Data records
***
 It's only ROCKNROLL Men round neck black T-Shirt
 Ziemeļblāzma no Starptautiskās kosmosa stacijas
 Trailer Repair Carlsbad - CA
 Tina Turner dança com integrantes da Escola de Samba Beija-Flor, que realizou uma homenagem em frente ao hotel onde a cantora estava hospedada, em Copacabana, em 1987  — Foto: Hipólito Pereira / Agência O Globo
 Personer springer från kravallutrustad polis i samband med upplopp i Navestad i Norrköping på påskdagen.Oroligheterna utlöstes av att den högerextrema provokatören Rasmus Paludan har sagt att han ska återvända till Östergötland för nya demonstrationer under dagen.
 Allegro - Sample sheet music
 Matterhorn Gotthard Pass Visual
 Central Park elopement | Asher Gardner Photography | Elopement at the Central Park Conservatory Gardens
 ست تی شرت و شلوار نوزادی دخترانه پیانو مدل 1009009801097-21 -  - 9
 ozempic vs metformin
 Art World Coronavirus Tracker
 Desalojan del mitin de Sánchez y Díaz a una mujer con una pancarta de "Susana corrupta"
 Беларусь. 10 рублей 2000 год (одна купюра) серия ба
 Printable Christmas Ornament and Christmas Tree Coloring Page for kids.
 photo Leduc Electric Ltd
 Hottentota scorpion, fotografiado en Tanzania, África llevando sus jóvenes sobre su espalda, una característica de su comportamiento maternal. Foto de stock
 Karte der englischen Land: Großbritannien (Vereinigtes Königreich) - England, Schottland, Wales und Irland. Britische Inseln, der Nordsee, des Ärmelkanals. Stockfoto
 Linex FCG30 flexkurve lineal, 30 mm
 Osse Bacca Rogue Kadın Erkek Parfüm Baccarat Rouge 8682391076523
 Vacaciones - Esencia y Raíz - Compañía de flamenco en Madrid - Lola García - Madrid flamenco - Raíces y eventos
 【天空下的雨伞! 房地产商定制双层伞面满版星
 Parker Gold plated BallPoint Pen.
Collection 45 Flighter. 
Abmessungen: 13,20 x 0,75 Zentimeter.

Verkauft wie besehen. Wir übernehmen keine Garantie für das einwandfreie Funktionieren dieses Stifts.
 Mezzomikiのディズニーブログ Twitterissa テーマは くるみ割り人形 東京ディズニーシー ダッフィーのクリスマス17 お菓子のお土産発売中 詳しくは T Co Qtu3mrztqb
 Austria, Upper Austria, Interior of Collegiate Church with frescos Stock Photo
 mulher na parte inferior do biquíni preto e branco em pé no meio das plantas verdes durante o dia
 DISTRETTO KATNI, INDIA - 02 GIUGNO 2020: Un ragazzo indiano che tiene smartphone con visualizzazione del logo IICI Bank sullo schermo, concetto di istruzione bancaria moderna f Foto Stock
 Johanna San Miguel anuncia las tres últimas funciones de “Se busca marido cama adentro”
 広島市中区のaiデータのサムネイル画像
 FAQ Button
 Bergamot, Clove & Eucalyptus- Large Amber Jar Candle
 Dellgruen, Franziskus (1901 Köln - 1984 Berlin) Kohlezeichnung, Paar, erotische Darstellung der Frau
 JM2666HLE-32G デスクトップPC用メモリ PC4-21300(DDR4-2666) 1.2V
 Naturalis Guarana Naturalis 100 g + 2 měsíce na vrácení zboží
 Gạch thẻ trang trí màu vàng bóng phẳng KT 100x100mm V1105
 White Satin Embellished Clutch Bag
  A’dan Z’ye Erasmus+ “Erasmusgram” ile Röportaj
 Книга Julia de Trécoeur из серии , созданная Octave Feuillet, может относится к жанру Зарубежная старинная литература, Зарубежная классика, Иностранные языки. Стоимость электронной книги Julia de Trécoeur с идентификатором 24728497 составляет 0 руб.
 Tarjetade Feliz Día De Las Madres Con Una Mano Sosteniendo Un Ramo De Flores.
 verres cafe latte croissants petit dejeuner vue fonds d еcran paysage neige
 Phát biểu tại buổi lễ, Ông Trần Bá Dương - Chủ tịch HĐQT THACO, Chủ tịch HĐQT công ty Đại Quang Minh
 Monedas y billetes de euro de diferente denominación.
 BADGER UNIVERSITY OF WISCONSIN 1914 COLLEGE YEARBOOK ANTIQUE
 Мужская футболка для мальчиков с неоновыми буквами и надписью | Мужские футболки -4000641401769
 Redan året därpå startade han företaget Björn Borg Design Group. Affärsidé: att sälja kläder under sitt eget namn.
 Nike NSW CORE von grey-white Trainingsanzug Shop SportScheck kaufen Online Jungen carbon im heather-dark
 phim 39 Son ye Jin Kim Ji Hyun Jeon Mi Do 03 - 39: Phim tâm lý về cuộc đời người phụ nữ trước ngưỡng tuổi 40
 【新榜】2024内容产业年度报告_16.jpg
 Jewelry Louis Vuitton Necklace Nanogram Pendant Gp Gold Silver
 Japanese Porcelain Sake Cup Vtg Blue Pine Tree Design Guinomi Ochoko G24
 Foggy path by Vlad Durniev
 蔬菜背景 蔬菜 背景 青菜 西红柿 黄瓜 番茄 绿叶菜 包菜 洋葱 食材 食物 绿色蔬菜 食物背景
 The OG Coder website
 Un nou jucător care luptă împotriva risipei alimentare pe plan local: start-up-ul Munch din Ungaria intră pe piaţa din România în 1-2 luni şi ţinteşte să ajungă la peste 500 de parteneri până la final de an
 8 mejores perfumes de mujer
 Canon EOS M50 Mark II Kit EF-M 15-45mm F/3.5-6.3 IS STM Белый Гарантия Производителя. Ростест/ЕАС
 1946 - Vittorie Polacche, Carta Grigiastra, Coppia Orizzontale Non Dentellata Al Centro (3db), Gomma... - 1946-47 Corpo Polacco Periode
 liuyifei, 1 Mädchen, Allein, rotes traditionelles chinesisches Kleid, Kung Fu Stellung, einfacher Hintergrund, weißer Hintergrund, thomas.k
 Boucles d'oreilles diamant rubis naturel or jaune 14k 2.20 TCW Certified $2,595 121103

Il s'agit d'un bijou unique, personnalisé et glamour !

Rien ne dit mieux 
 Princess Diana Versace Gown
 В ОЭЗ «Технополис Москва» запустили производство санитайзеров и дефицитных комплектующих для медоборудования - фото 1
***
Directions for this task - Take the stretch of lines above from the one containing "Мужская футболка для" through the one containing "The OG Coder website" and repeat it exactly, adding no other line.

Written answer -
 Мужская футболка для мальчиков с неоновыми буквами и надписью | Мужские футболки -4000641401769
 Redan året därpå startade han företaget Björn Borg Design Group. Affärsidé: att sälja kläder under sitt eget namn.
 Nike NSW CORE von grey-white Trainingsanzug Shop SportScheck kaufen Online Jungen carbon im heather-dark
 phim 39 Son ye Jin Kim Ji Hyun Jeon Mi Do 03 - 39: Phim tâm lý về cuộc đời người phụ nữ trước ngưỡng tuổi 40
 【新榜】2024内容产业年度报告_16.jpg
 Jewelry Louis Vuitton Necklace Nanogram Pendant Gp Gold Silver
 Japanese Porcelain Sake Cup Vtg Blue Pine Tree Design Guinomi Ochoko G24
 Foggy path by Vlad Durniev
 蔬菜背景 蔬菜 背景 青菜 西红柿 黄瓜 番茄 绿叶菜 包菜 洋葱 食材 食物 绿色蔬菜 食物背景
 The OG Coder website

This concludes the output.